Moisés desejava que Deus o ajudasse a “carregar o fardo do povo” que ele estava liderando (Nm 11. 11, 17, Ex. 18.13-27). Deus respondeu dizendo para Moisés reunir “70 homens dos anciãos” e para “trazê-los à tenda da congregação, para assistirem ali contigo” (11.16-17). Moisés obedeceu a Deus: “Ele reuniu 70 homens dos anciãos, e os colocou ao redor da tenda. Então o Senhor desceu na nuvem … e tomou do Espírito que estava sobre Moisés e o pôs sobre aqueles 70 anciãos e quando o Espírito pousou sobre eles, profetizaram” (11.24-25). Então eles pararam de profetizar, mas dois anciãos no local continuaram a profetizar. Quando Josué ouviu isso, pediu para Moisés que eles parassem. Moisés recusou e replicou: “Quem dera que todo o povo de Deus fosse profeta, que o Senhor lhes desse o Seu Espírito!” (11. 26-29).
Portanto, Joel 2 transformou o desejo profético de Moisés em uma profecia formal. Pedro citou a profecia de Joel para mostrar que em seus dias havia finalmente começado o cumprimento no Pentecostes. O dom do Espírito, formalmente limitado a lideres que ajudavam Moisés e comunicando a eles no tabernáculo, foi universalizado para todo o povo de Deus de todas as raças, jovens e velhos, homens e mulheres. Que o dom do Espírito em At 2foi conectado de alguma maneira com o templo está implícito em Nm 11, onde aparece duas vezes que os 70 anciãos receberam o Espírito enquanto eles estavam reunidos ao redor da tenda (i.e. tabernáculo). É fato que em atos as “línguas de fogo … pousaram sobre cada um” e “todos foram cheios do Espírito Santo e começaram a falar em outras línguas” (2.3-4, explicado como sendo “profetizar” em 2.17-18), parece ser uma alusão a Números 11.25: “Quando o Espírito pousou sobre eles, eles profetizaram”.

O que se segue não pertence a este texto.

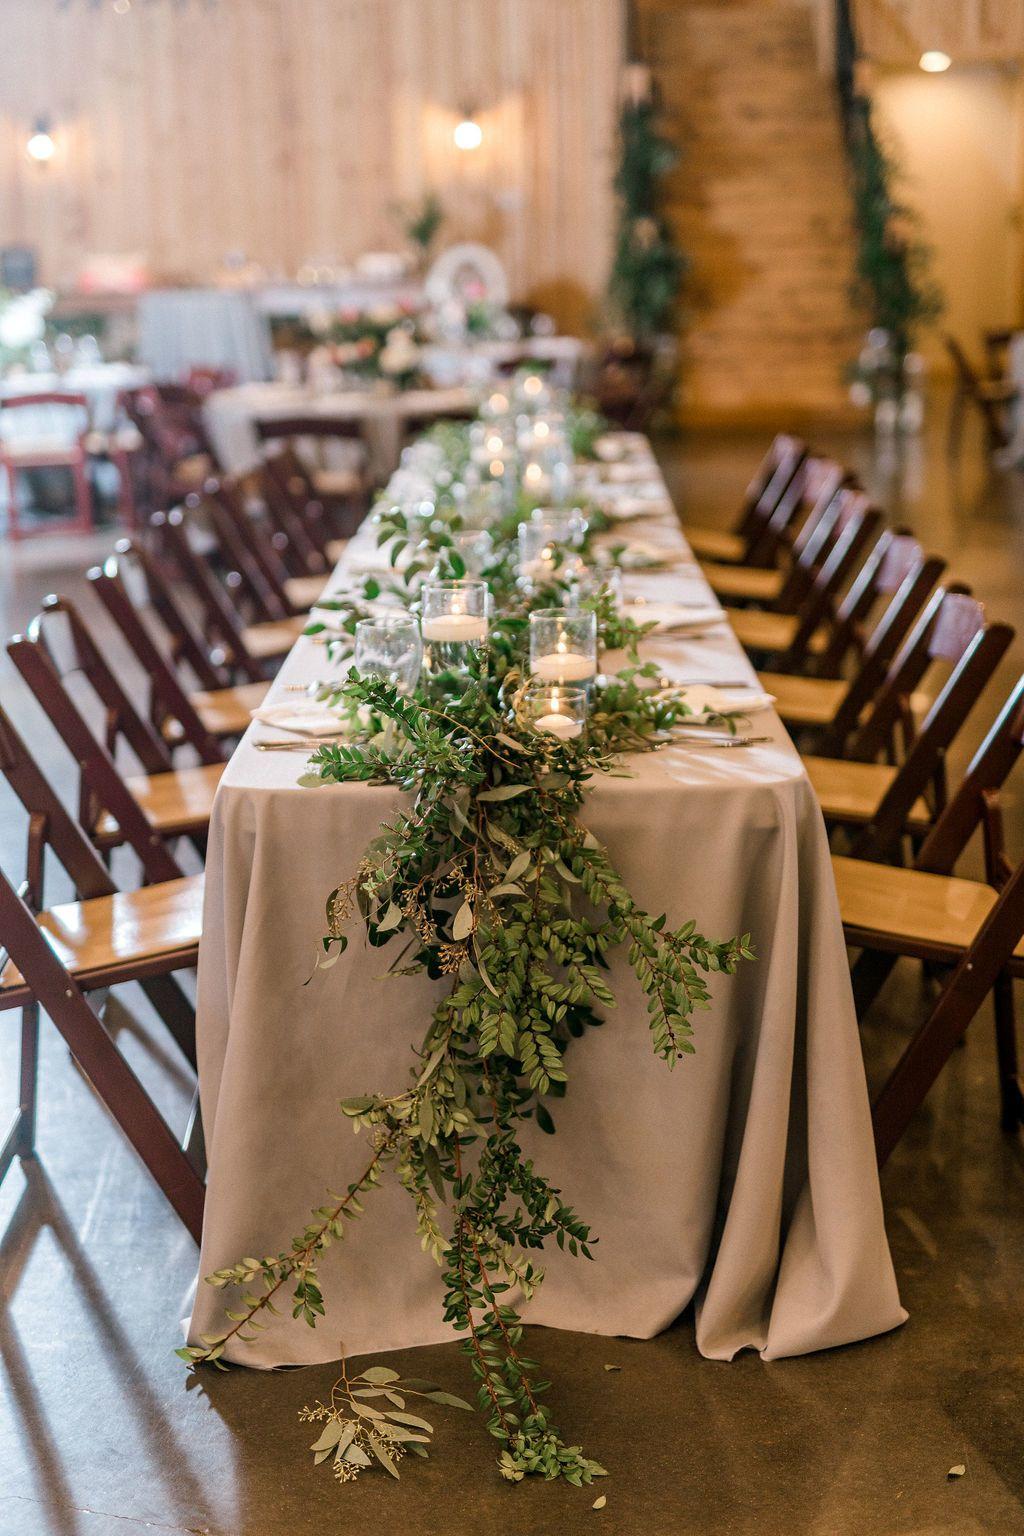 Long Bohemian Wedding Centerpiece Greenery Wedding Centerpiece Wedding Reception Centerpieces Bohemian Wedding Centerpieces Bohemian Wedding Decorations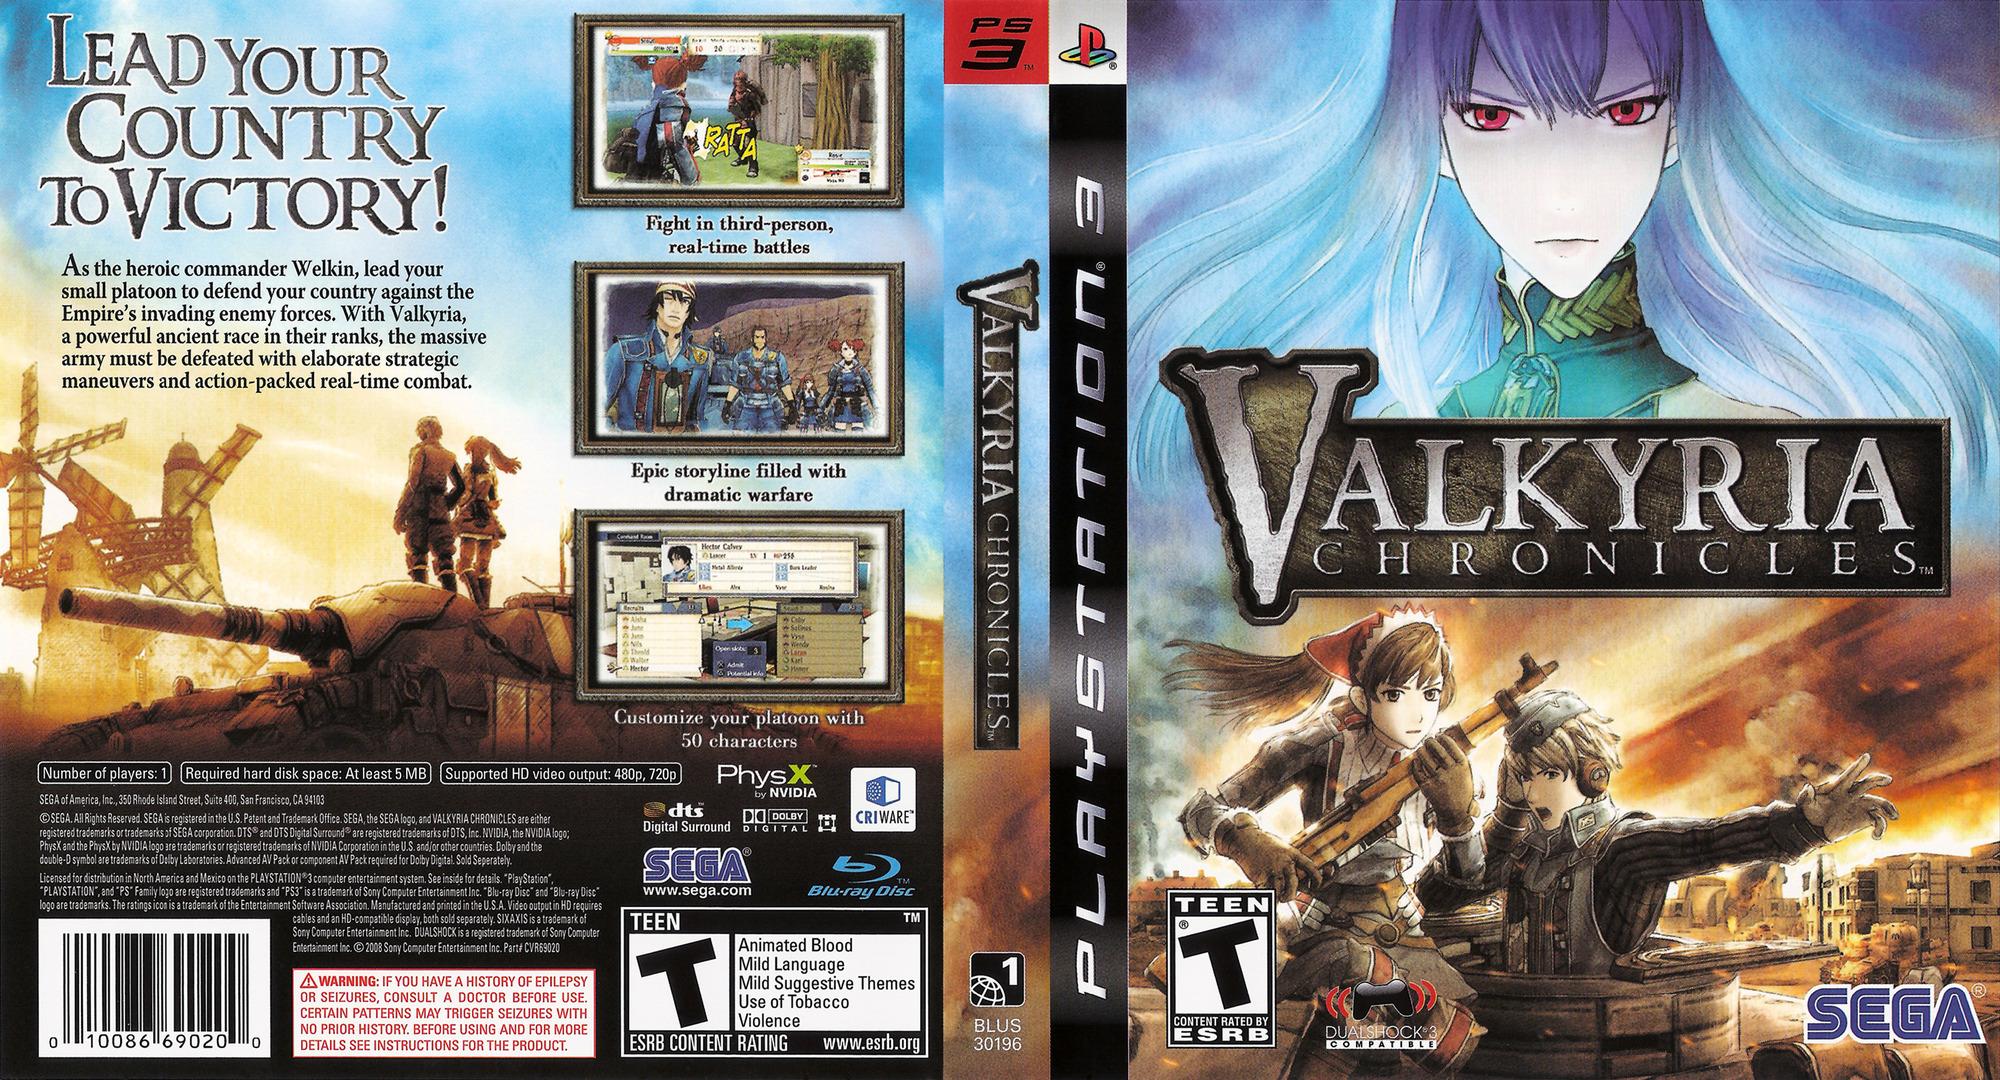 PS3 - Valkyria Chronicles [US][ALL-DLC][PKG][MEGA]

Interessantemente, o judaísmo compara Nm 11 sobre o Espírito em Moisés pousando sobre os anciãos com “uma vela queimando na qual se acendia muitas velas” (Midr. Rab. Nm 15.19). Além do mais, Nm 11.25 diz que Deus “tomou do Espírito que estava sobre ele (Moisés) e colocou sobre os 70 anciãos”. Da mesma maneira, At 2.33 se refere a Jesus como primeiro “tendo recebido do Pai a promessa do Espírito Santo” derramou o sobre aqueles em Pentecostes. A esse respeito, Jesus seria a figura de um segundo Moisés.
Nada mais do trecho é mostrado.